Did they answer? You smoked, most certainly, deep inhales
of nicotine calm / exhaling the piling burdens as oblivious geese
amassed around the shoddy dock.
Did you clutch your mother’s hanky / find glints of comfort in anything,
including the relief of your decision? Or did you allow room
for an alternate plan, contingent on a phone call, the weather,
a sudden shift in wind? Did you sit, determined, reminiscing
about spare joys in the play you inhabited?
Did you smile at the thought of revenge / in your I’ll-show-them reverie?
Did you feel tremendous relief / from the unbearable burdens of existence?
What went through that freckled curly head / that day as you sat,
broken-hearted, prepping for your exit?
I replay the walk, a relentless video in my head, filling in
your last hours after you left me that morning. I see you
in the sad little pond, lungs saturated / as you make your grand exit
from the ruins. Pockets weighted with the heavy burdens of being a person.
a woman, a mother, a queer. Oh—but wait / water was the wrong way.
It only worked when you were Ophelia or Virginia / or the murderous
husband in the TV show / who killed his wives, one after the other /
by drowning.
For you, the pond was not quite right. It was too public /
not convenient or quick.
The geese might witness / alert the passersby.
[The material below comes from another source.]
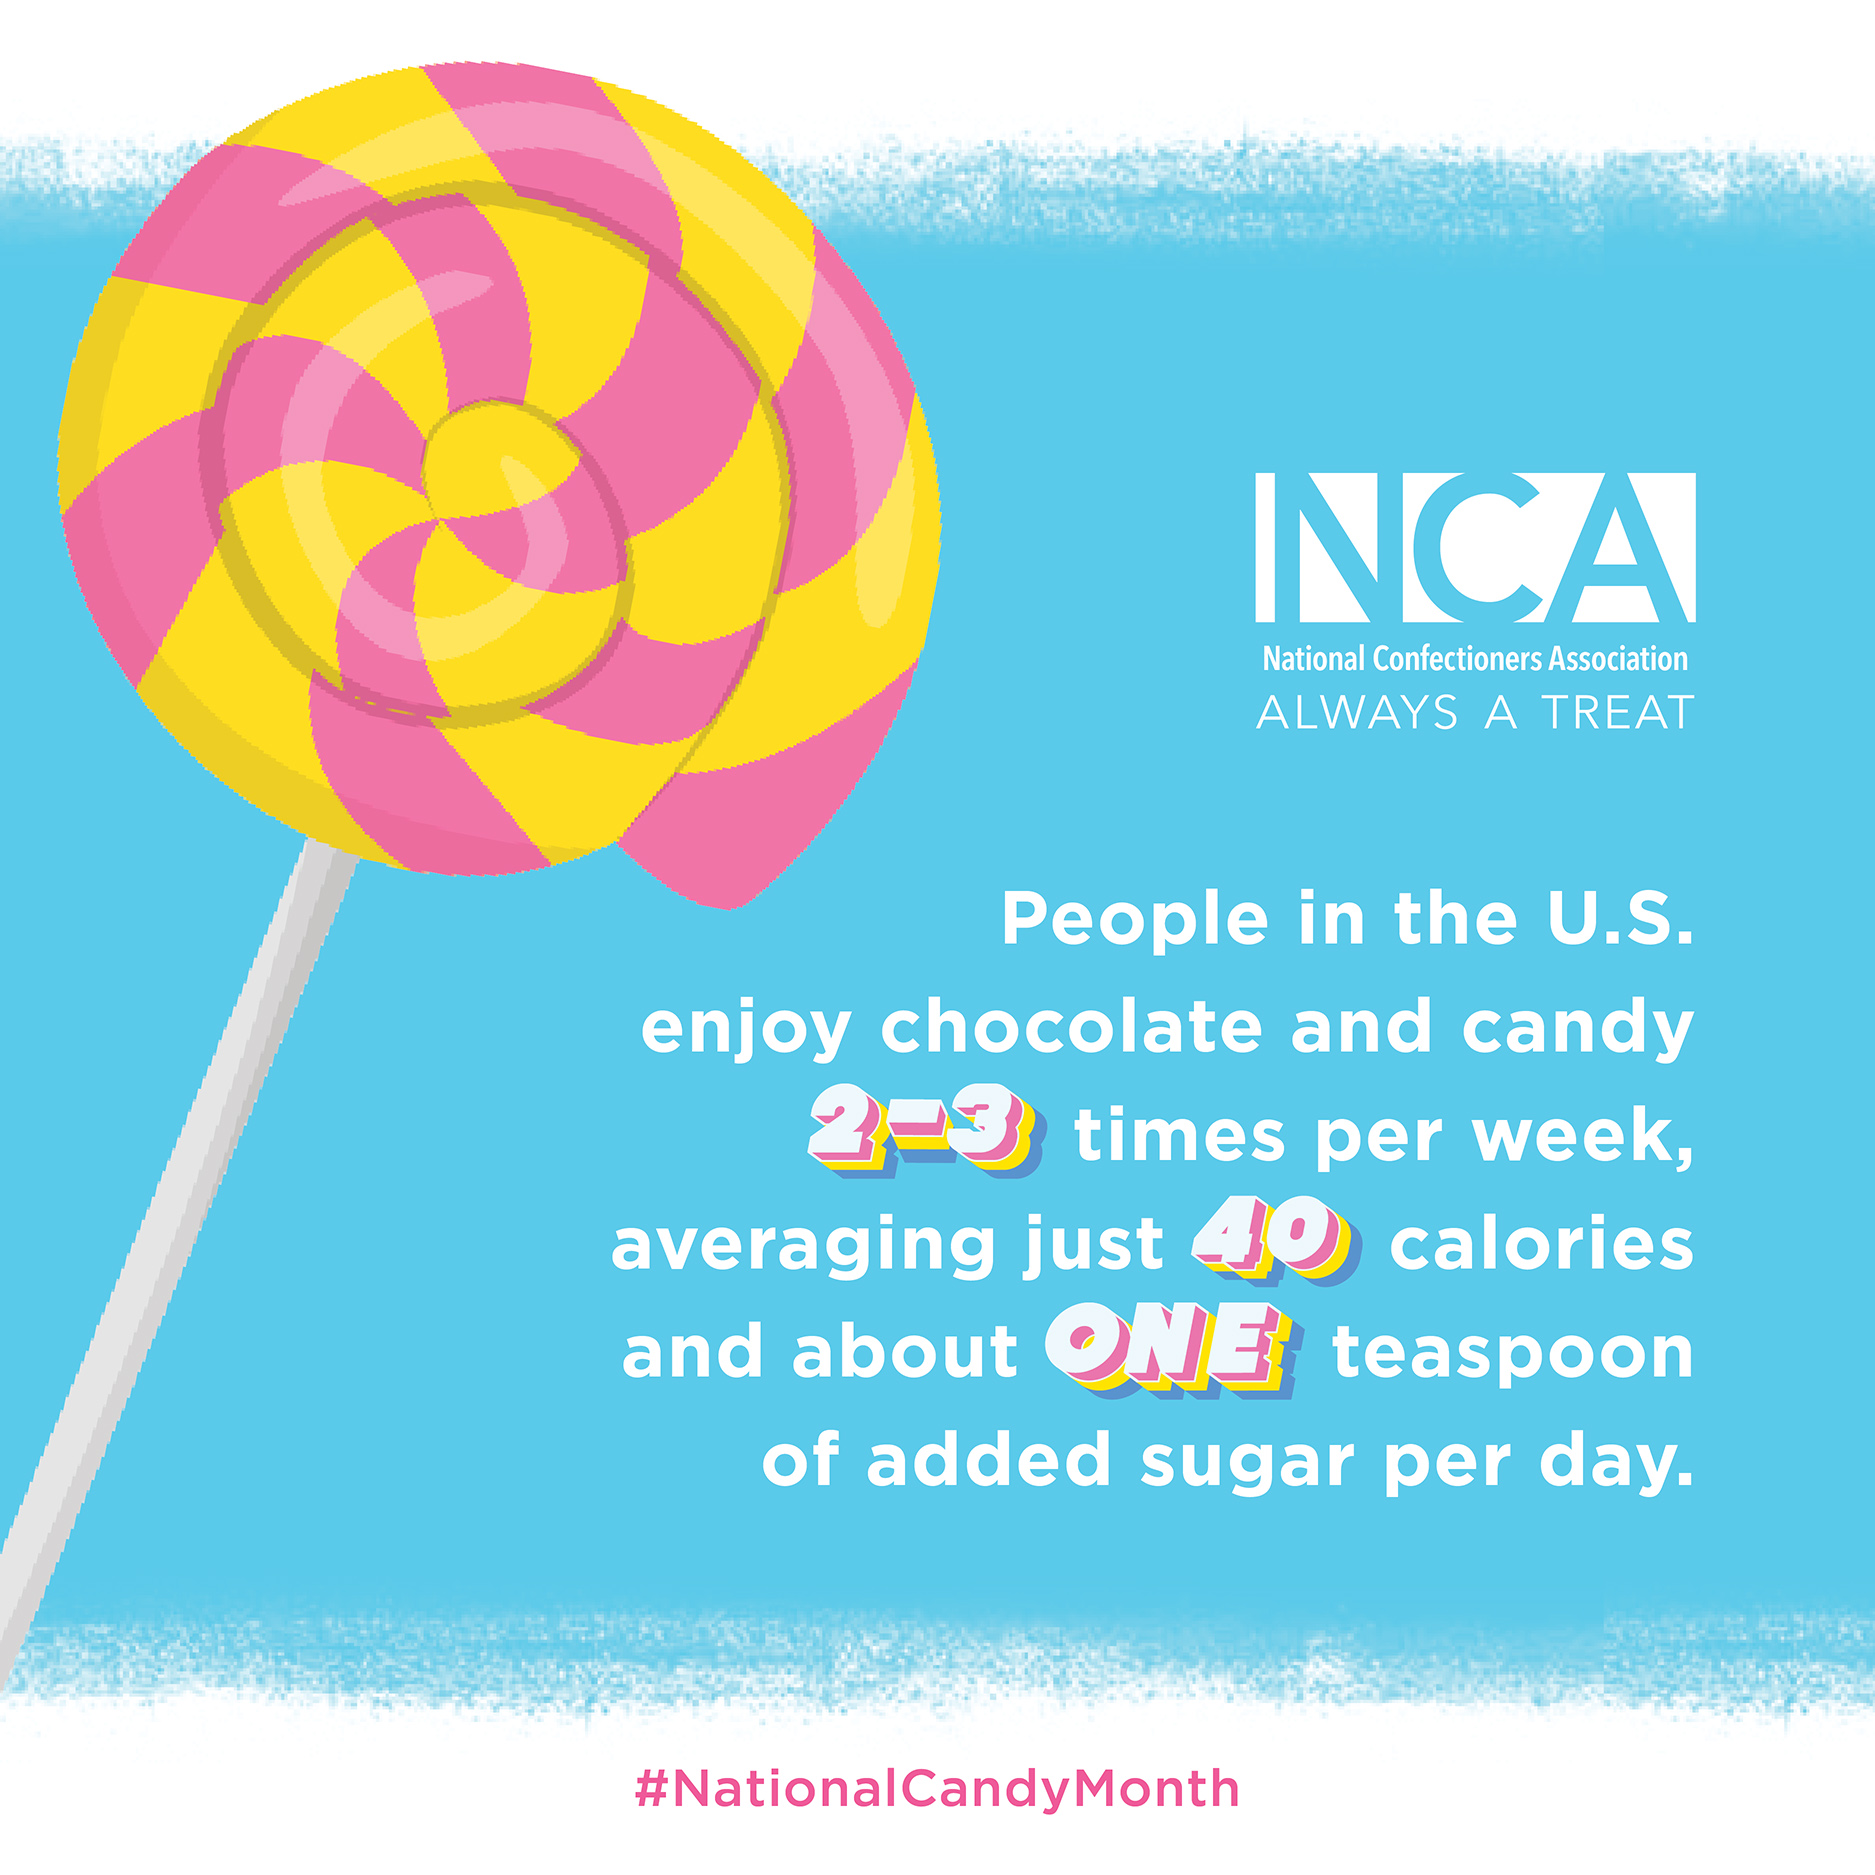 People in the U.S. enjoy chocolate and candy 2-3 times per week.

You smoked / gazed into the air.
No hurry. You might smoke the whole damn pack / then finish the job.
It was only 10 a.m. You might have a drink at the pub / or eat a last lunch.
You had the whole Saturday, and your whole life to decide,
And now I have mine to fantasize about it.
Friday: The last three TV shows you watched:
- A husband kills his wives in a bathtub. Eventually he is discovered, but only after repeat acts on numerous unsuspecting women.
- Someone’s murdered in a hotel room. The girlfriend’s shown, distraught, horrified, grief stricken, unable to stand.
- Someone gets poisoned. It takes time / to solve the crime.
A woman, initially blamed, a whodunit / with a (surprise) twist / husband as perp. True Story.
Regrets—I wish we had gone, instead, to the Shakespeare play.
Sitting awkwardly in the damp grass / for an authentic tourist experience
of England,
watched goateed dandies in crimson leotards / topple, destroy innocent women like lawn pins,
one after another. A proper kinda date. Your idea. / We could
have held hands,
I would have played with your hair, walked afterwards with rain spattering
against our fuzzy, buzzing heads / then later, made love with wine
on our breaths—all primed with tragic heterosexual romance.
But I hate plays in general and straight tragedies in particular.
We did yours instead, with me, an unwitting actor / on a rutted stage
improvising as the script unrolled like parchment nightmares.
If only I had unplugged that fucking TV.
On TV, at the obscene outdoor theatre,
everywhere, a tragedy
unravelling with some man / any man / everyman
at the helm and woman dragged
along and brutally severed at the rudder.
You tired of the television, headed to bed / and left me in the living room
weighted by the unbearable gloom of the week’s dramas / while
the menacing gigantic English pigeons / flapped their terrible wings
as they dropped from trees outside your open panes.
I had this awful sick feeling, sticky / like the filthy air of Brooklyn,
clinging to my skin and pressing / against my chest like something
closing in, turned out, your death.
Pond Scene 6
I walked all over the town, panicked / as you hadn’t returned from the pond.
Nothing seemed familiar. Couldn’t find my way. The streets were nameless.
We had driven with me as distracted passenger in your car.
My feet could not remember the steps. I walked up to town / up
towards the gym,
then the other way, choking back tears / as nothing looked familiar.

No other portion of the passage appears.